(WHAT IS EXPECTED) Every line from the one containing "#HaathBadlegaHalaat" to the end of the records below should be returned exactly; pictures are to be dropped.

(DATA EXTRACT)
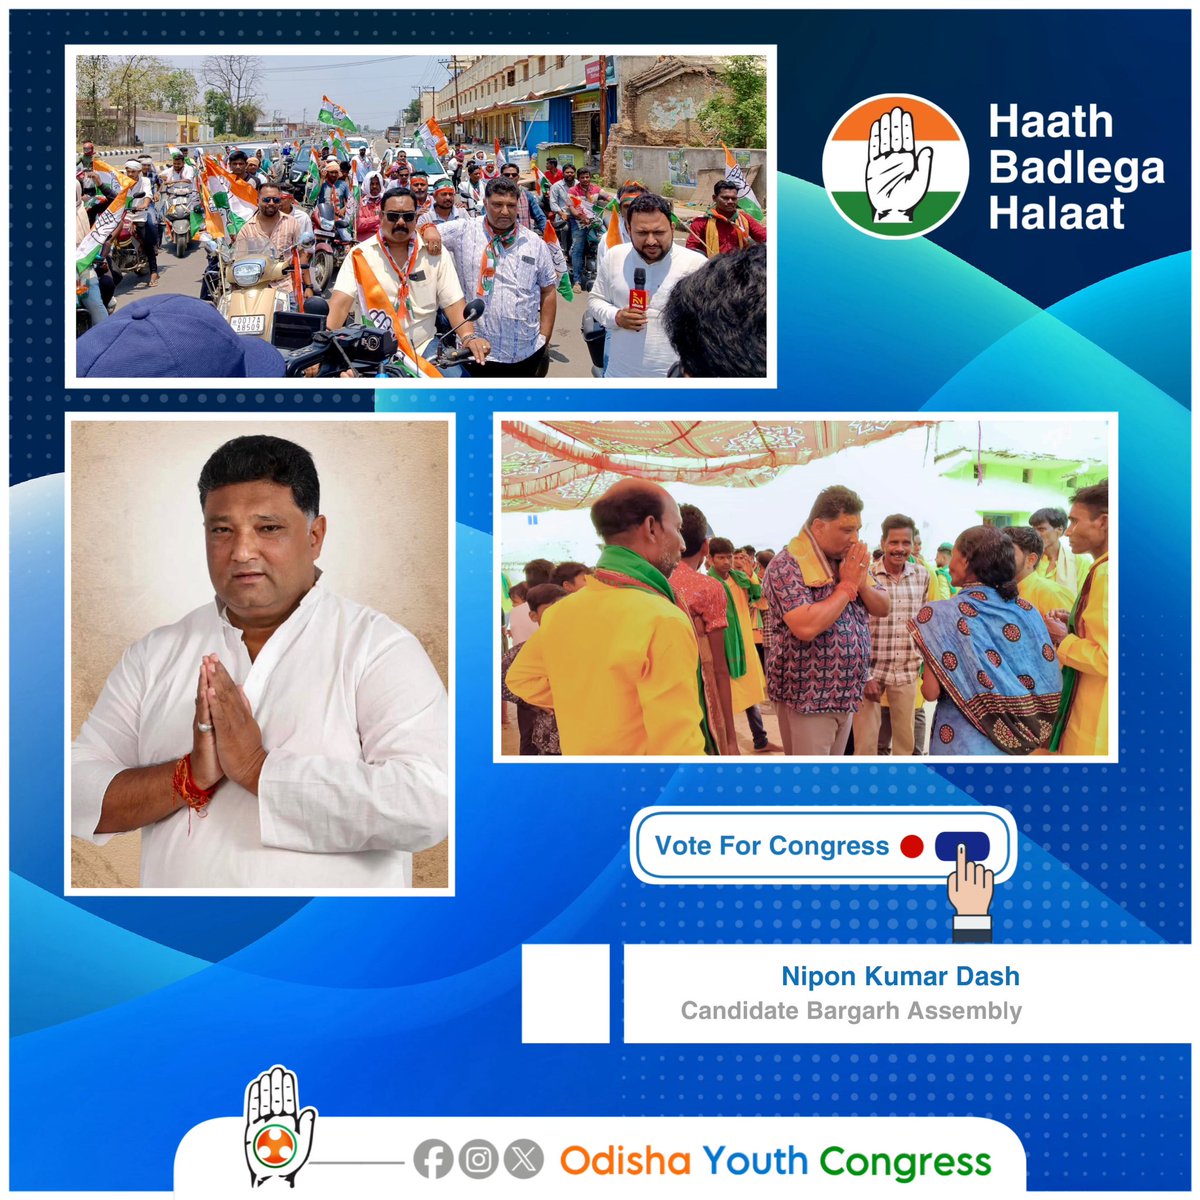 Vote For Congress ✋
Vote For Nipon Kumar Dash
Candidate Bargarh Assembly

#HaathBadlegaHalaat 
#AsuchiCongress
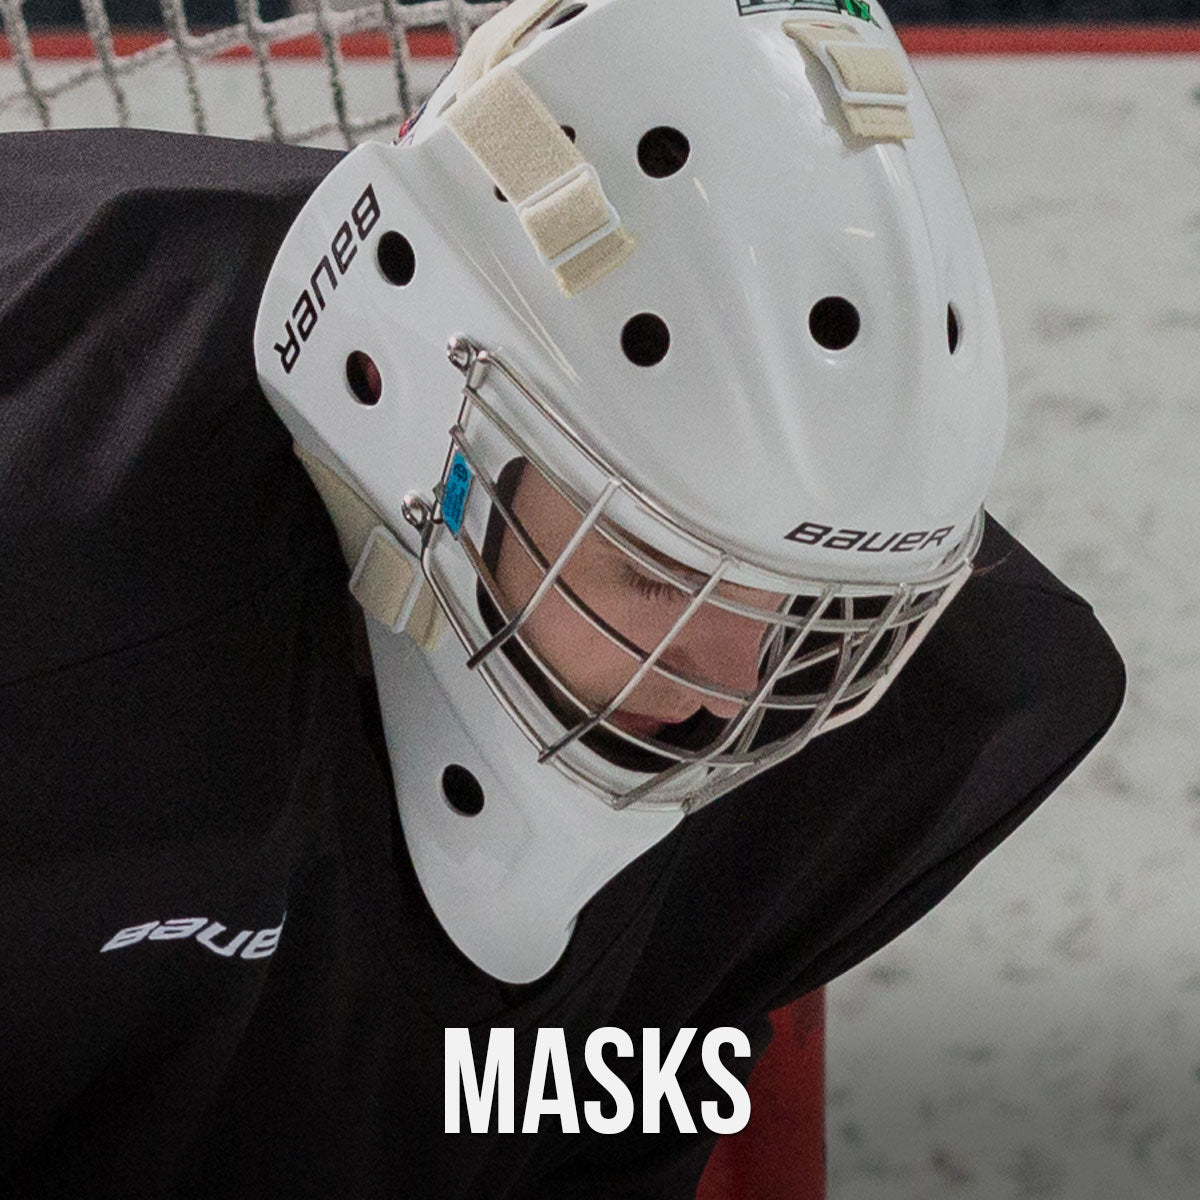 bauer goal masks
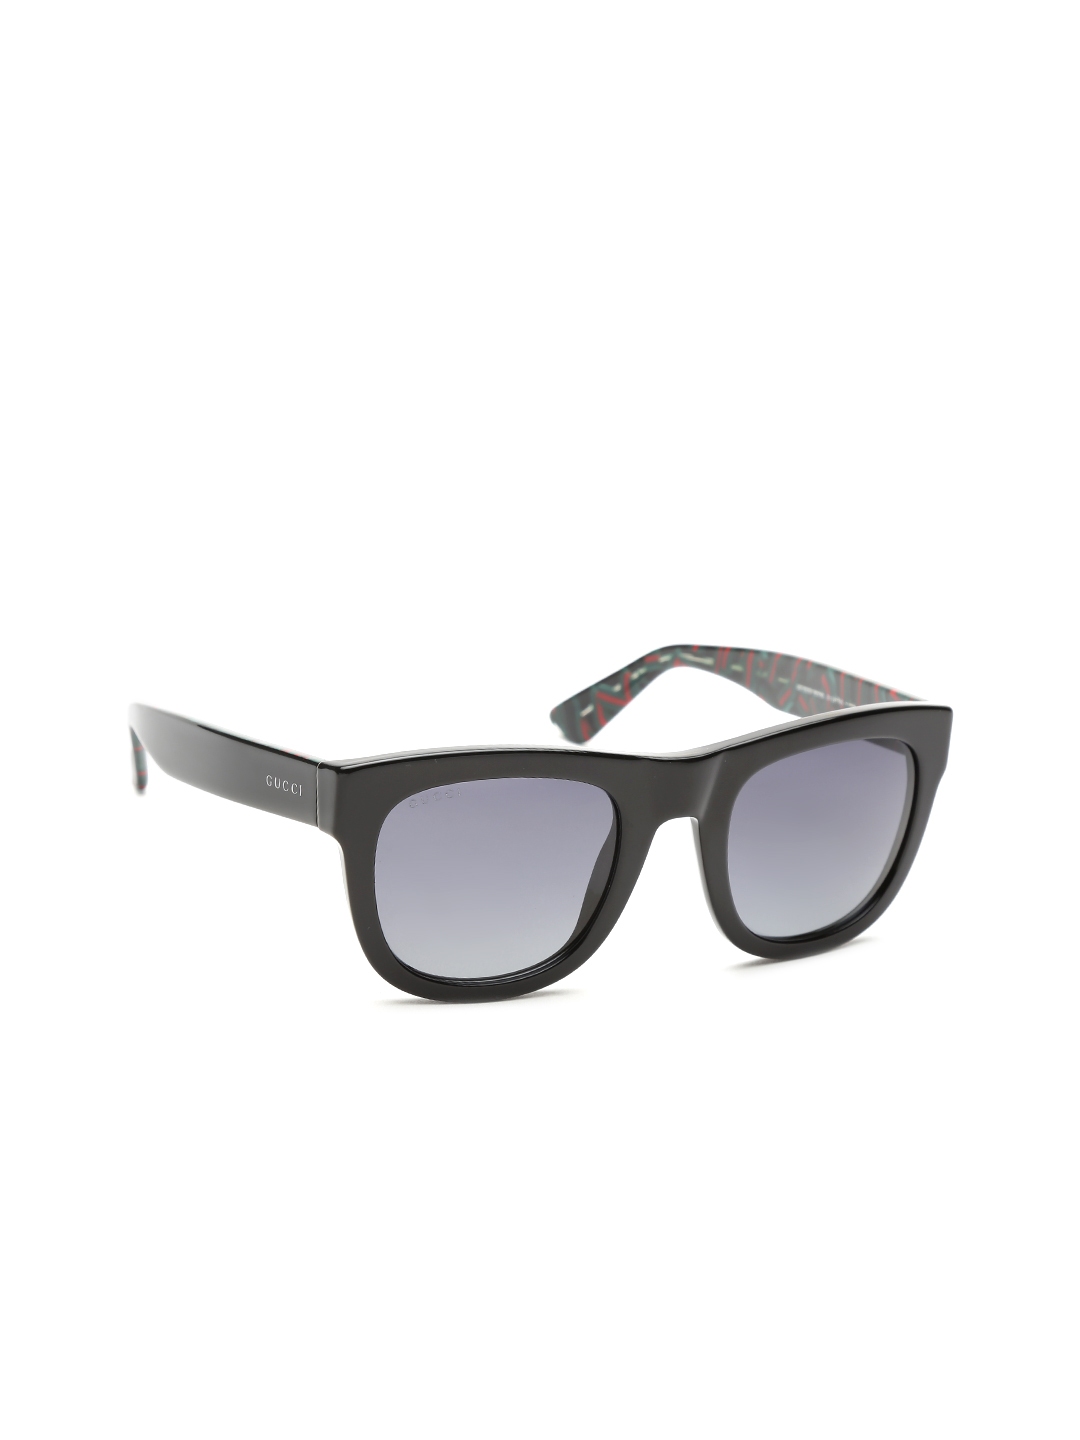 Buy Gucci Unisex Wayfarer Sunglasses GG 1099/S 807Y1 - Sunglasses for

(TASK SOLUTION)
#HaathBadlegaHalaat 
#AsuchiCongress
 bauer goal masks
 Buy Gucci Unisex Wayfarer Sunglasses GG 1099/S 807Y1 - Sunglasses for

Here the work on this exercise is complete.